Essential Cryptography for JavaScript Developers

5 (5)
By: Segala

Overview of this book

If you’re a software developer, this book will give you an introduction to cryptography, helping you understand how to make the most of it for your applications. The book contains extensive code samples in JavaScript, both for Node.js and for frontend apps running in a web browser, although the core concepts can be used by developers working with any programming language and framework. With a purely hands-on approach that is focused on sharing actionable knowledge, you’ll learn about the common categories of cryptographic operations that you can leverage in all apps you’re developing, including hashing, encryption with symmetric, asymmetric and hybrid ciphers, and digital signatures.
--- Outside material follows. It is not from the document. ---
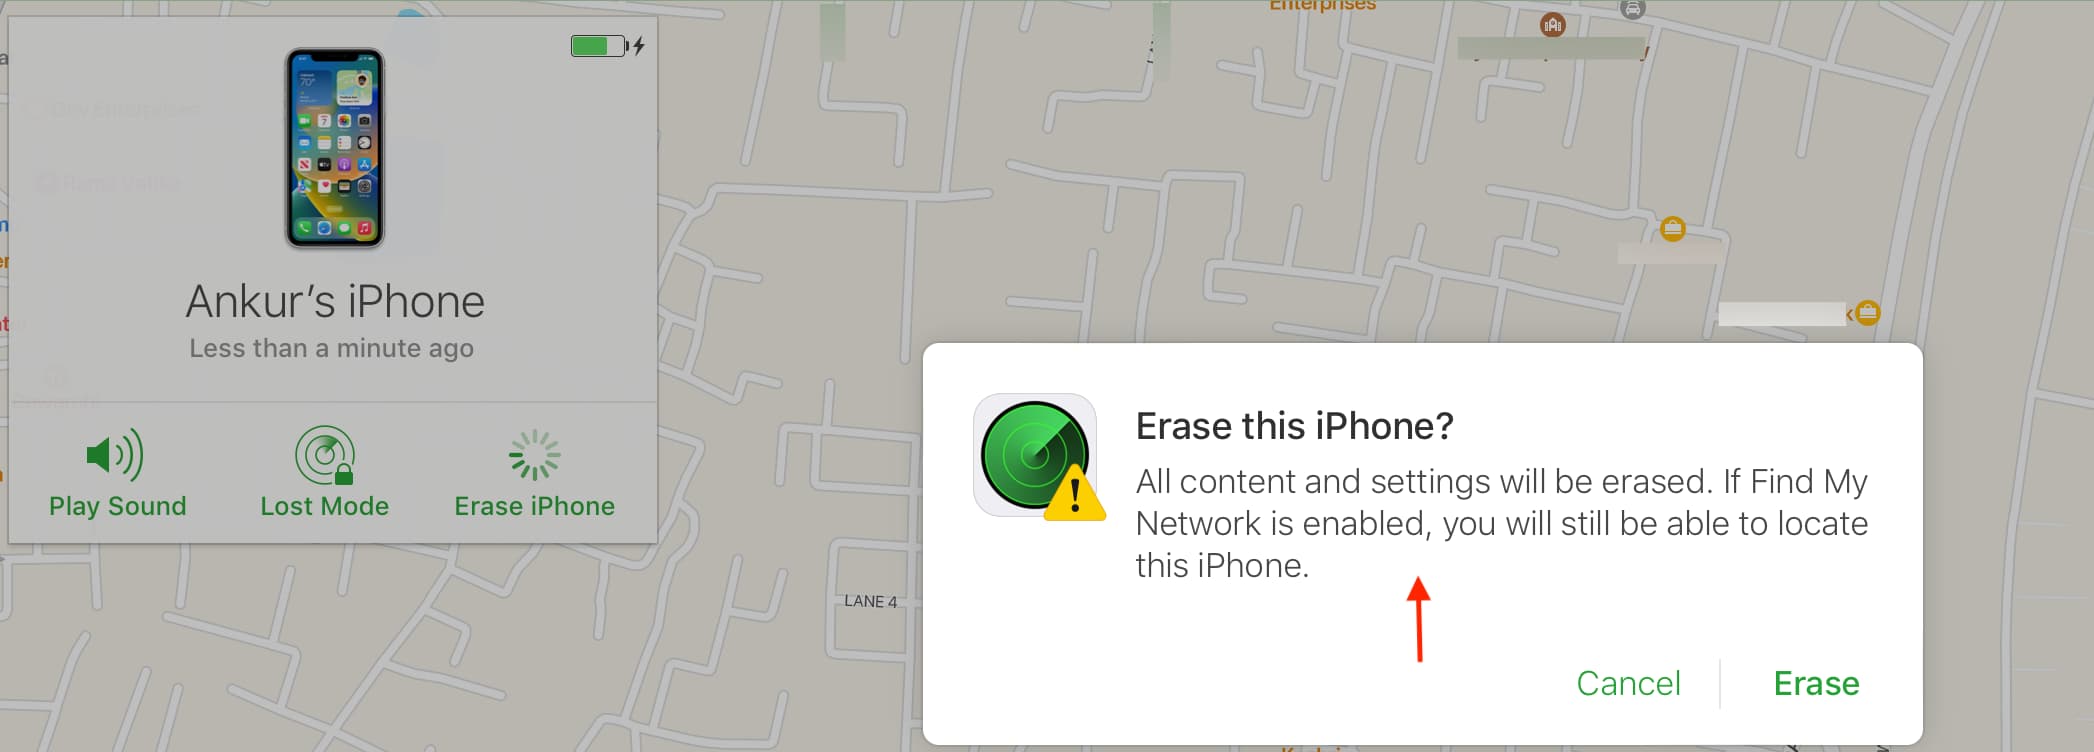 iPhone remains findable even after erasing it remotely
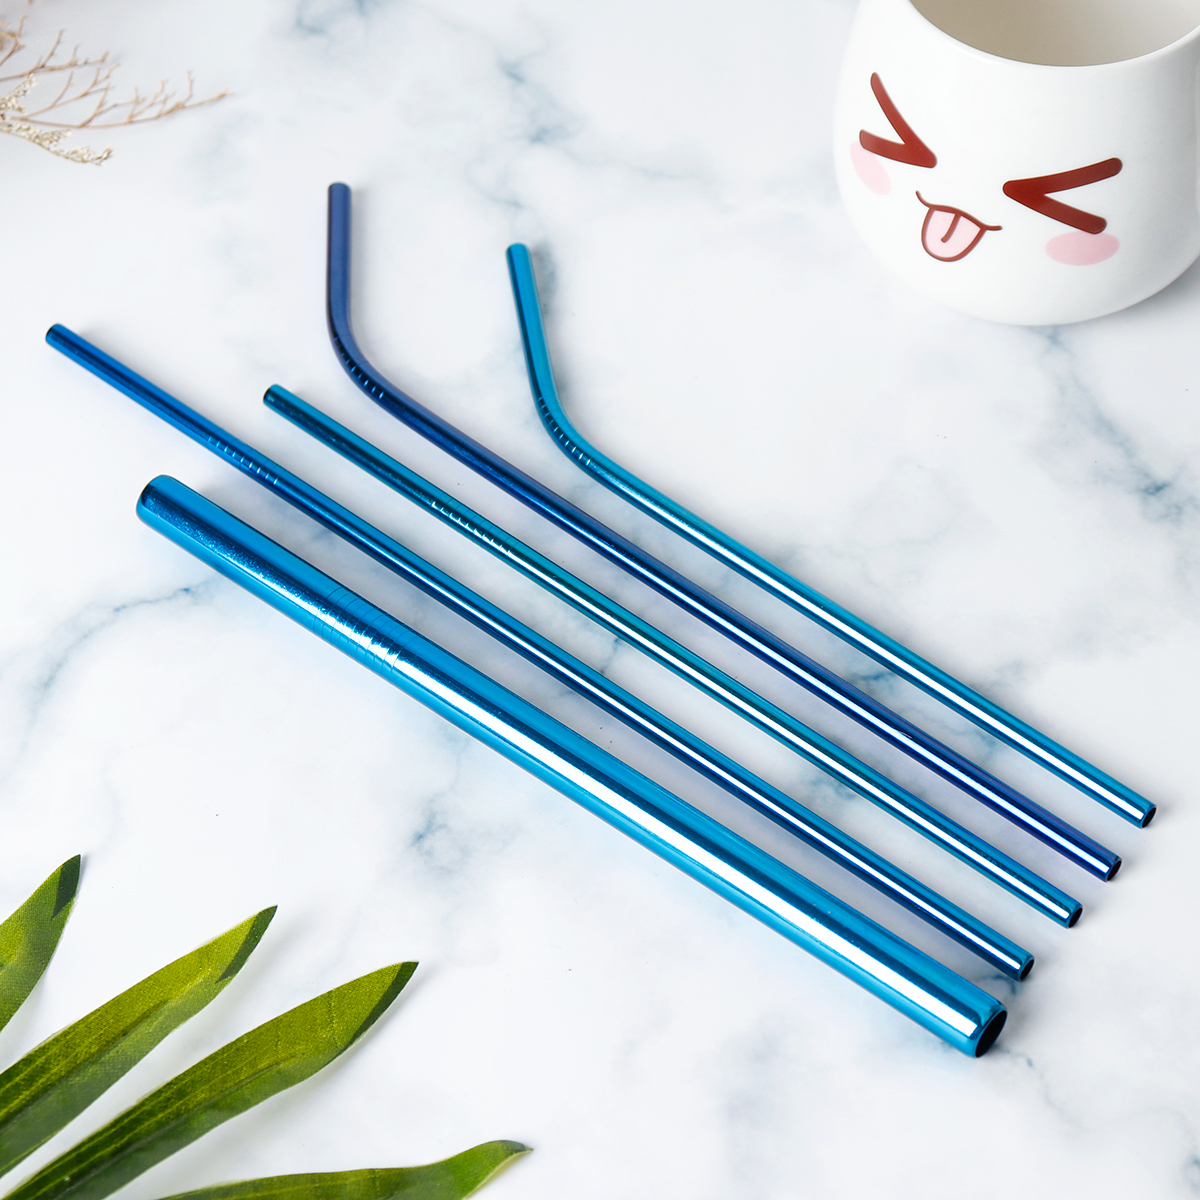 Portable-Metal-Straw-Set-304-Stainless-Steel-Straws-Reusable-Metal-Drinking-Straws-With-Cleaning-Bru-1532046-3

You’ll learn when to use these operations and how to choose and implement the most popular algorithms to perform them, including SHA-2, Argon2, AES, ChaCha20-Poly1305, RSA, and Elliptic Curve Cryptography. Later, you’ll learn how to deal with password and key management. All code in this book is written in JavaScript and designed to run in Node.js or as part of frontend apps for web browsers. By the end of this book, you'll be able to build solutions that leverage cryptography to protect user privacy, offer better security against an expanding and more complex threat landscape, help meet data protection requirements, and unlock new opportunities.
Table of Contents (13 chapters)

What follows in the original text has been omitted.